Closed murtazabasu closed 4 years ago

murtazabasu commented 4 years ago

Hi, I am following your code for my implementation. But after seeing the results (which are good by the way) I want to give a shot with PPO. I know there are some implementations already in other repos but I find this one pretty easy to follow. I just want to ask what kind of modification I would need to do in your code for the PPO implementation? And is it recommended to do modifications in this code or follow other repo? There are some good repos out there but the problem is that they are specially made for ATARI and MUJOCO environments using baselines from deepmind which are difficult to modify for my environment and also I need Python 3.5+ to work with the baselines. But since I am working with ROS Melodic which comes with default Python 2.7 I can't really use those baselines. Any suggestions would be grateful.
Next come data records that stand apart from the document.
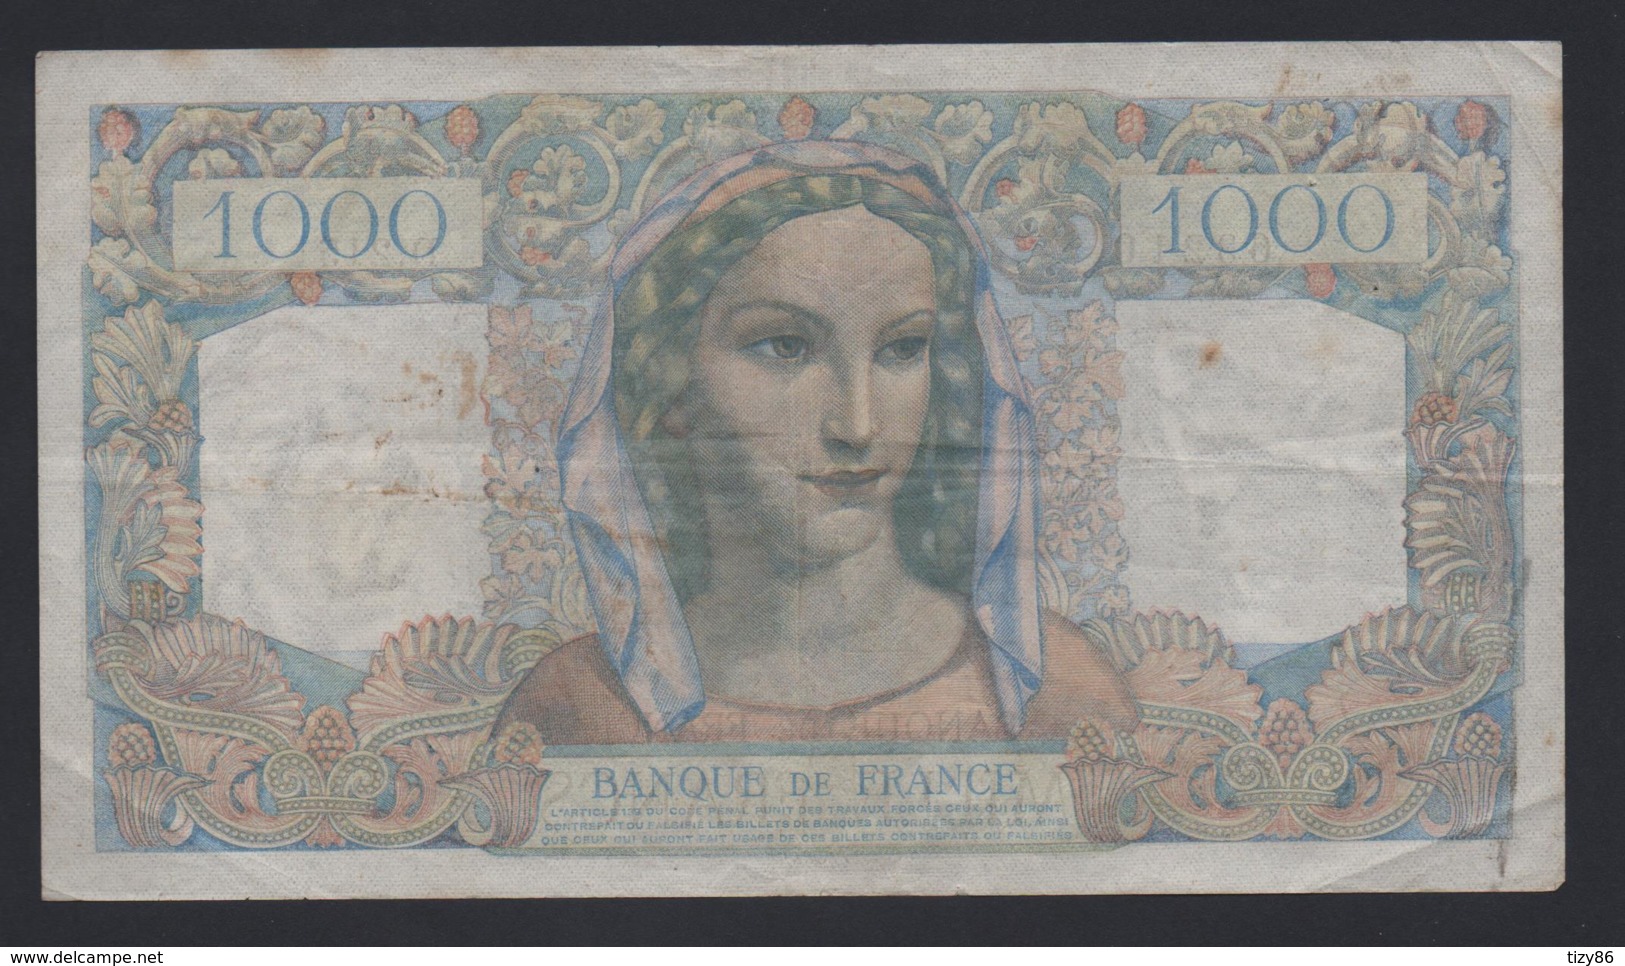 Banconota Francia 1000 Francs 1946 - 100 F 1945-1954 ''Jeune Paysan''
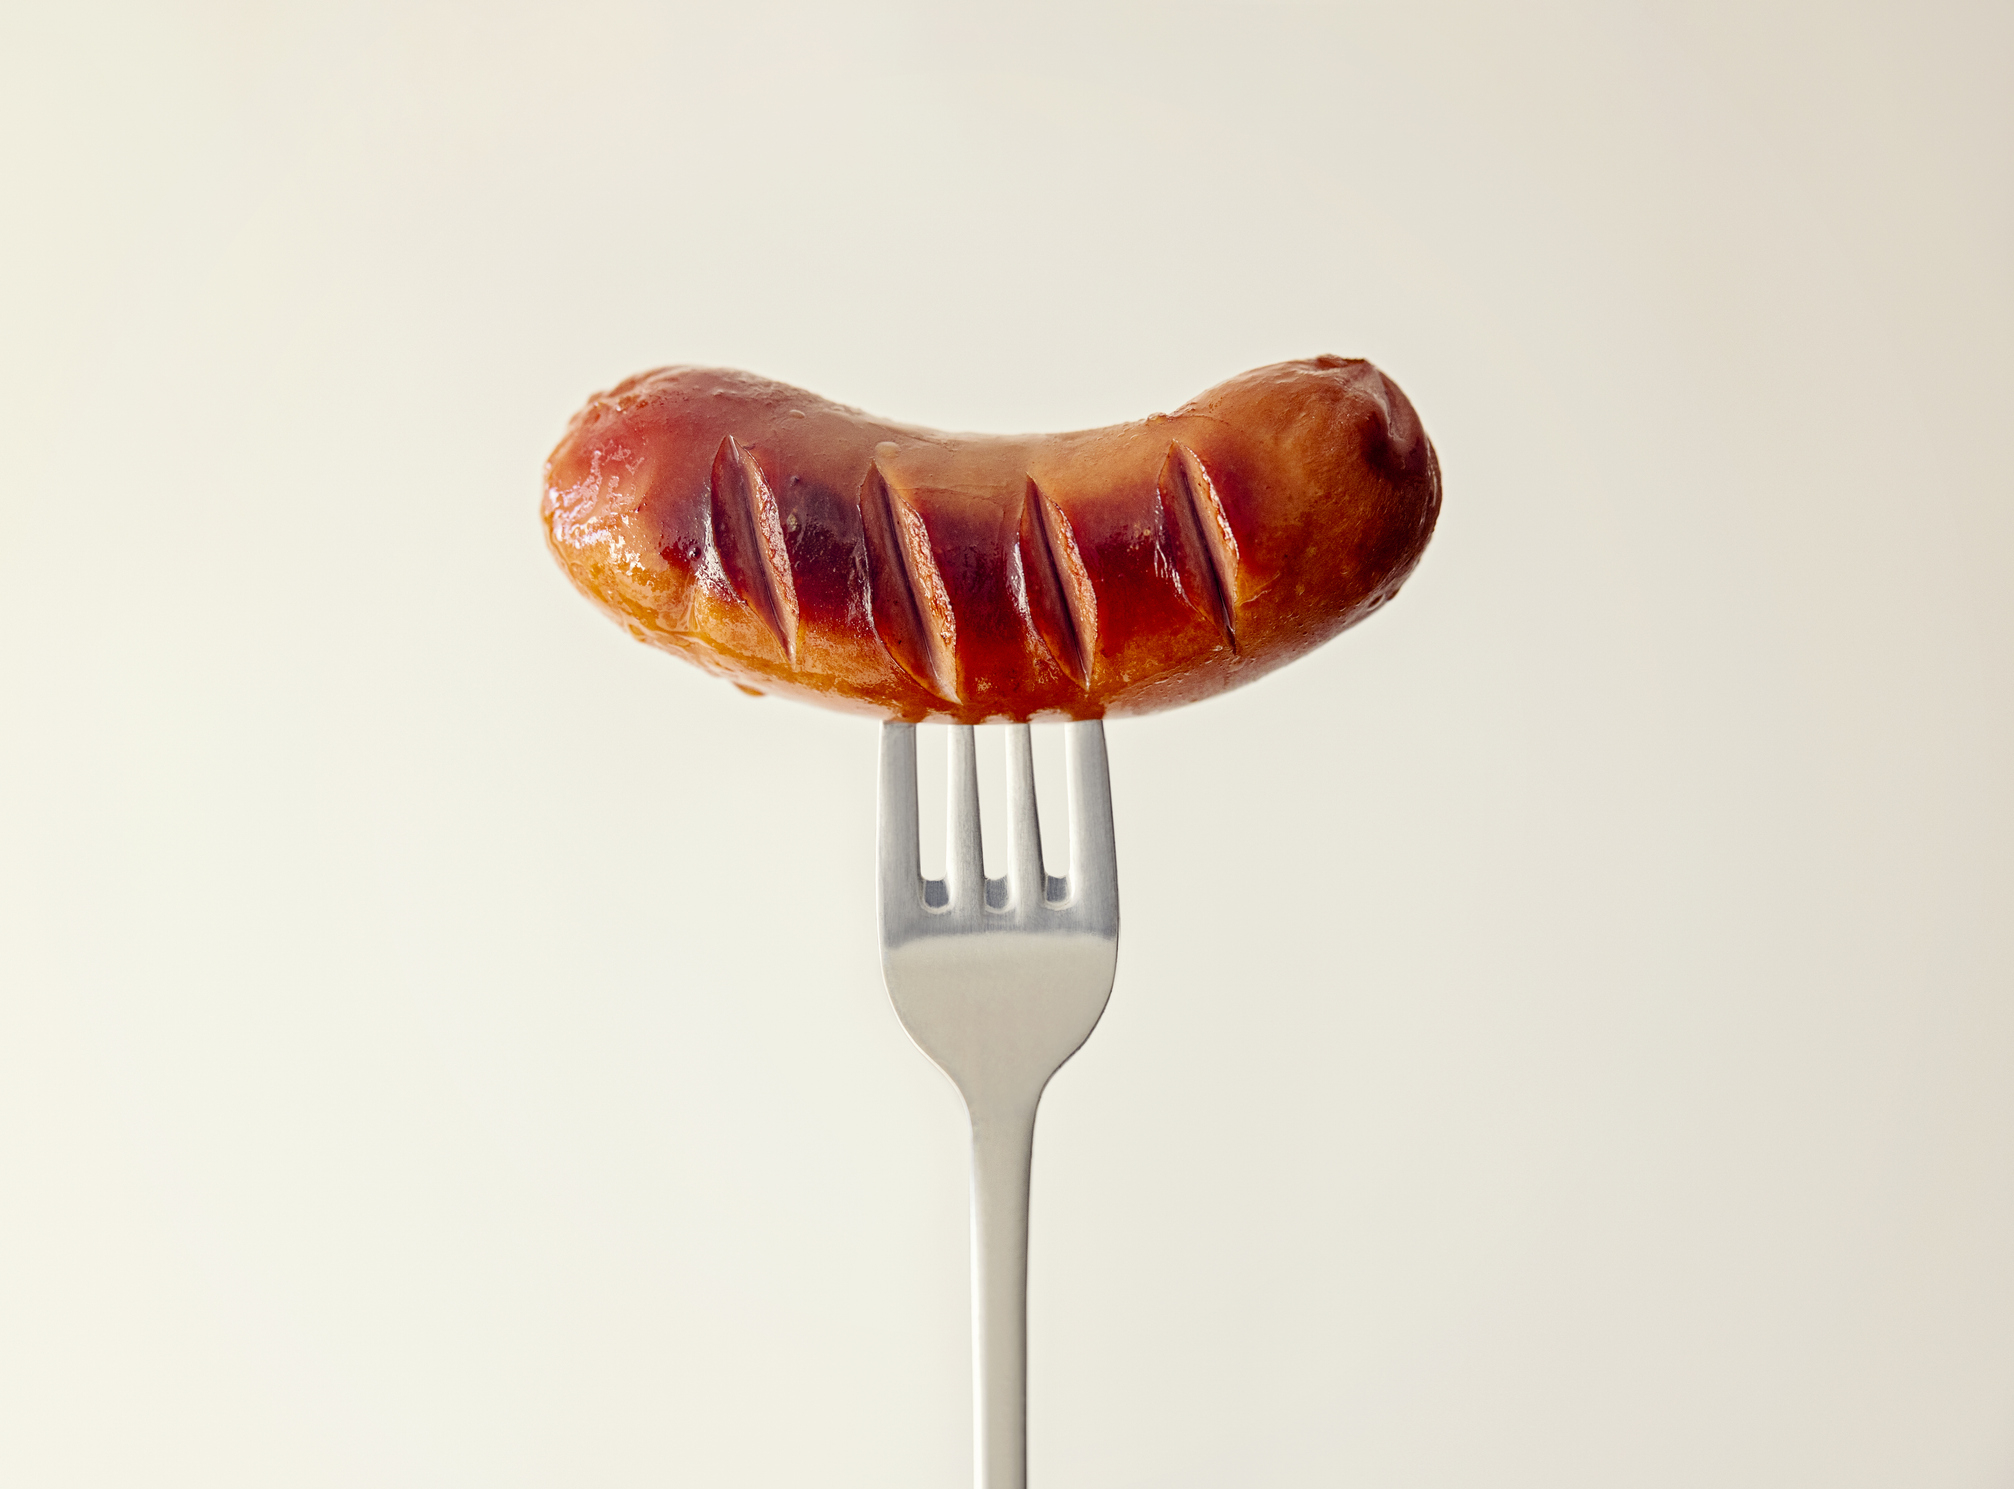 Grilled sausage skewered on a fork against a plain background
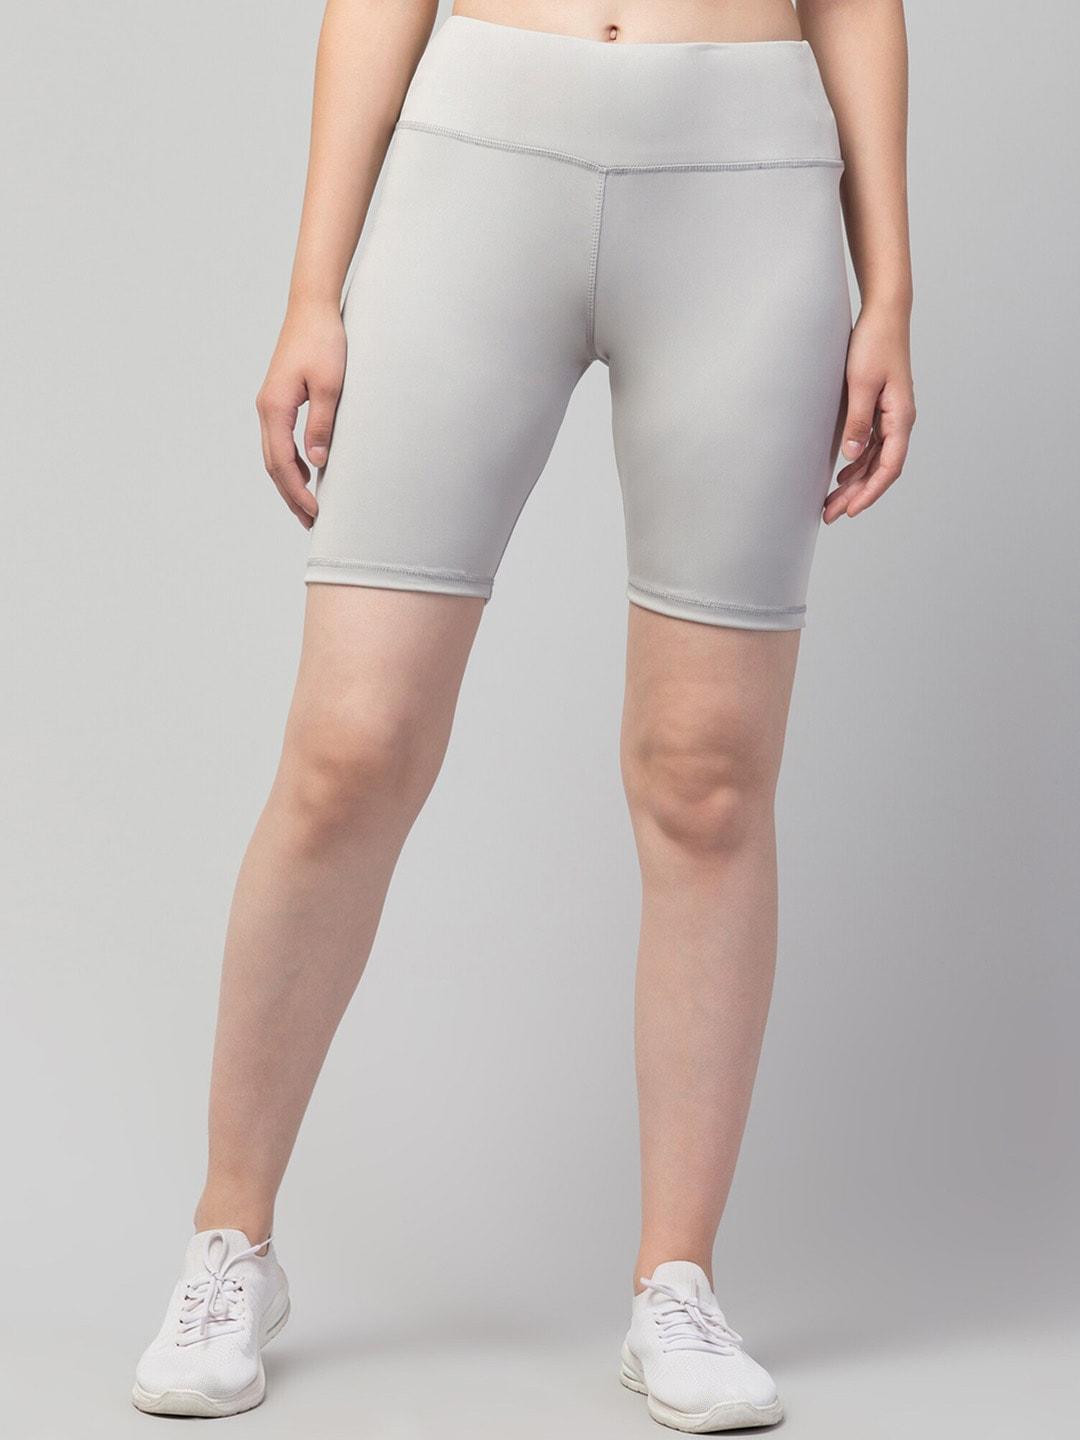 Apraa & Parma Women Skinny Fit High-Rise Yoga Sports Shorts
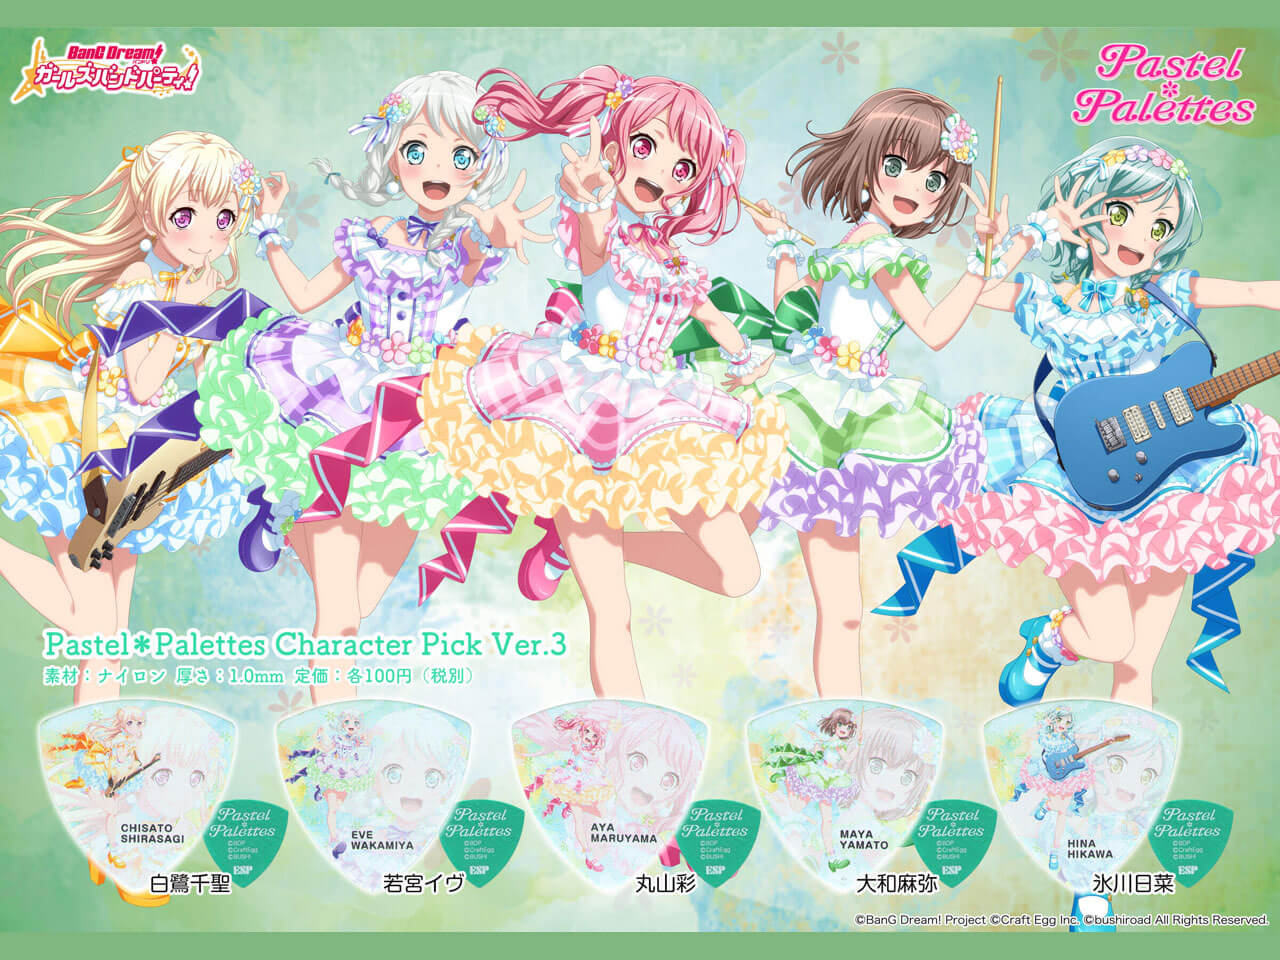 【ESP×BanG Dream!コラボピック】Pastel*Palettes Character Pick Ver.3 "丸山彩"10枚セット（GBP AYA PASTEL PALETTES 3）

nikhilbarhate99 commented 4 years ago

Hey, I would not recommend using this repo for complicated environments. It is very simplified version for understanding / learning PPO. I would suggest you write an gym api for your env and use other repos instead of trying to modify them.

murtazabasu commented 4 years ago

That would be an option but as I mentioned before I am working with ROS which comes with Python 2.7 version and so writing a gym API wouldn't really help as I would still need to use the "baselines" from deepmind for VecNormalizing the Env which is only possible with Python 3.5+.